__Information given__
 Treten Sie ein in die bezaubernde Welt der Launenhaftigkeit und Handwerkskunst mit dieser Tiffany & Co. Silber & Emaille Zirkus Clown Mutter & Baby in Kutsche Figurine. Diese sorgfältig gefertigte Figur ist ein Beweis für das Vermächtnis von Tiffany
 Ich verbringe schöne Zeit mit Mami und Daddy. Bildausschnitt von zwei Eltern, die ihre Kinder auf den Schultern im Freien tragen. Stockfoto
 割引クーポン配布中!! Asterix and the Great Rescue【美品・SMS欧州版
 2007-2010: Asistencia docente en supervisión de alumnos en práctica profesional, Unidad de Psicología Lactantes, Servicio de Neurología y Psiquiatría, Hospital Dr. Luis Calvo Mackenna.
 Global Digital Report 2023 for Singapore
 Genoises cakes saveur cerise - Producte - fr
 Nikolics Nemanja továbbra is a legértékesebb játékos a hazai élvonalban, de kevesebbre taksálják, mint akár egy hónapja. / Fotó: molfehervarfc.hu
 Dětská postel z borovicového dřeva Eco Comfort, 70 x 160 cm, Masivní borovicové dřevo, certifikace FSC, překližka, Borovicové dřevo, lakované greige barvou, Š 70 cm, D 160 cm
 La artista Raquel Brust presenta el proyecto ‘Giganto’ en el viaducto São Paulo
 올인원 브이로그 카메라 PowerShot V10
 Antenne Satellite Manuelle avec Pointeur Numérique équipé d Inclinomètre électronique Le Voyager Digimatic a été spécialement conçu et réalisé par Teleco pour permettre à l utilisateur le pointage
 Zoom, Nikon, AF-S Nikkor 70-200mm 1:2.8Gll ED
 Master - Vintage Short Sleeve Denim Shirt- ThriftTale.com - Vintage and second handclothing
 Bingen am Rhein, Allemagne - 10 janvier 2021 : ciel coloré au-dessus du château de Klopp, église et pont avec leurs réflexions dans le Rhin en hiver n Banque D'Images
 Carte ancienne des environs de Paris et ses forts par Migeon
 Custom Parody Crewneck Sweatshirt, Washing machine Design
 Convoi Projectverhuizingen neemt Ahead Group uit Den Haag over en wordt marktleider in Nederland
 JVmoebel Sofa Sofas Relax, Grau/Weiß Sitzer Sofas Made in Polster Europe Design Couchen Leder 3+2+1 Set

__Task objective__
Print the data above exactly.

__Task response__
 Treten Sie ein in die bezaubernde Welt der Launenhaftigkeit und Handwerkskunst mit dieser Tiffany & Co. Silber & Emaille Zirkus Clown Mutter & Baby in Kutsche Figurine. Diese sorgfältig gefertigte Figur ist ein Beweis für das Vermächtnis von Tiffany
 Ich verbringe schöne Zeit mit Mami und Daddy. Bildausschnitt von zwei Eltern, die ihre Kinder auf den Schultern im Freien tragen. Stockfoto
 割引クーポン配布中!! Asterix and the Great Rescue【美品・SMS欧州版
 2007-2010: Asistencia docente en supervisión de alumnos en práctica profesional, Unidad de Psicología Lactantes, Servicio de Neurología y Psiquiatría, Hospital Dr. Luis Calvo Mackenna.
 Global Digital Report 2023 for Singapore
 Genoises cakes saveur cerise - Producte - fr
 Nikolics Nemanja továbbra is a legértékesebb játékos a hazai élvonalban, de kevesebbre taksálják, mint akár egy hónapja. / Fotó: molfehervarfc.hu
 Dětská postel z borovicového dřeva Eco Comfort, 70 x 160 cm, Masivní borovicové dřevo, certifikace FSC, překližka, Borovicové dřevo, lakované greige barvou, Š 70 cm, D 160 cm
 La artista Raquel Brust presenta el proyecto ‘Giganto’ en el viaducto São Paulo
 올인원 브이로그 카메라 PowerShot V10
 Antenne Satellite Manuelle avec Pointeur Numérique équipé d Inclinomètre électronique Le Voyager Digimatic a été spécialement conçu et réalisé par Teleco pour permettre à l utilisateur le pointage
 Zoom, Nikon, AF-S Nikkor 70-200mm 1:2.8Gll ED
 Master - Vintage Short Sleeve Denim Shirt- ThriftTale.com - Vintage and second handclothing
 Bingen am Rhein, Allemagne - 10 janvier 2021 : ciel coloré au-dessus du château de Klopp, église et pont avec leurs réflexions dans le Rhin en hiver n Banque D'Images
 Carte ancienne des environs de Paris et ses forts par Migeon
 Custom Parody Crewneck Sweatshirt, Washing machine Design
 Convoi Projectverhuizingen neemt Ahead Group uit Den Haag over en wordt marktleider in Nederland
 JVmoebel Sofa Sofas Relax, Grau/Weiß Sitzer Sofas Made in Polster Europe Design Couchen Leder 3+2+1 Set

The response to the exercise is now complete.